Portland, ME - Area Dickhead Kerry Van Dorin managed to disagree in record time with the recent Howler long form story on youth soccer as he furiously scanned the first sentence of the piece and proclaimed emphatically, "I AM NOT AN OCTOPUS" before slamming the magazine on his table to walk out and shotgun a beer.

"I AM NOT AN OCTOPUS, I DON'T LOOK LIKE AN OCTOPUS AND I TAKE OFFENSE AT THE MODERN UNITED STATES SOCCER FAN BEING COMPARED TO AN OCTOPUS OR BEING ASKED TO IMAGINE THAT THEY ARE ONE," ranted Mr Van Dorin to his friends Robbie and Zeke as they loaded up the new water bong that they bought at The Blazin Ace on Friday. "Do I look like an Octopus? NO?! Well you can't boil youth soccer down to an octopus. The problem is too multi-layered and nuanced to be an octopus. I'd just as soon be a squid. You ever see a squid? MAJESTIC AS FUCK. A squid would win the world cup. Maybe someone should ask that Howler and that Parchman dude if they should stop asking kids to imagine they are an octopus and imagine they are a squid. BAM! Instant World Cup."
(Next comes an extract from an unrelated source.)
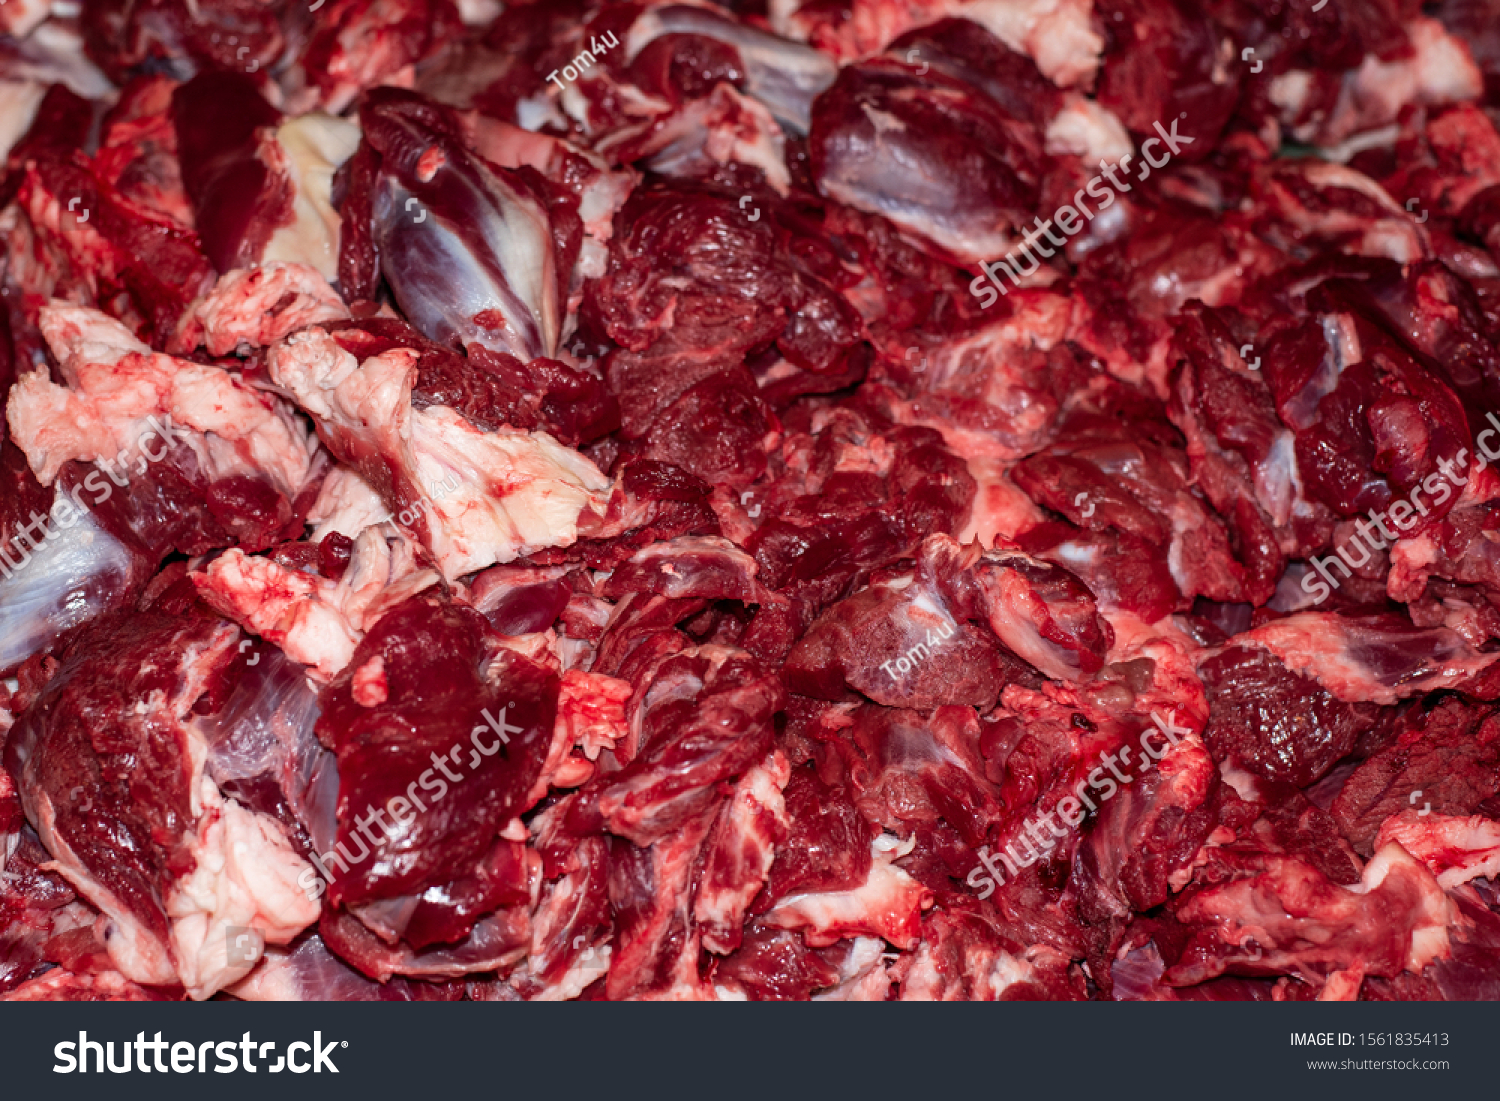 beef texture

While Mr. Van Dorin has long had a tendency to flip out in rage fueled profanity laced rants about the state of soccer in the United States, largely he waits until after he reads over half the article before he spouts his inane thoughts. However, friends state that recently he has been working on getting filled with anger earlier, so he doesn't have to finish the piece.

"He only needed to read one sentence in Howler, man" stated friend Robbie Branch. "It's pretty amazing. Like he is really smart about soccer, and I don't even know where he got that. Dude's never played before. All he does is play... um... like FIFA n'shit.... so I don't even know."

The Nutmeg News will have more on Mr. Van Dorin's rage as he tries to see if he is still angry at the state of youth soccer by driving by a playground to yell at the formation of 12 year olds on the field.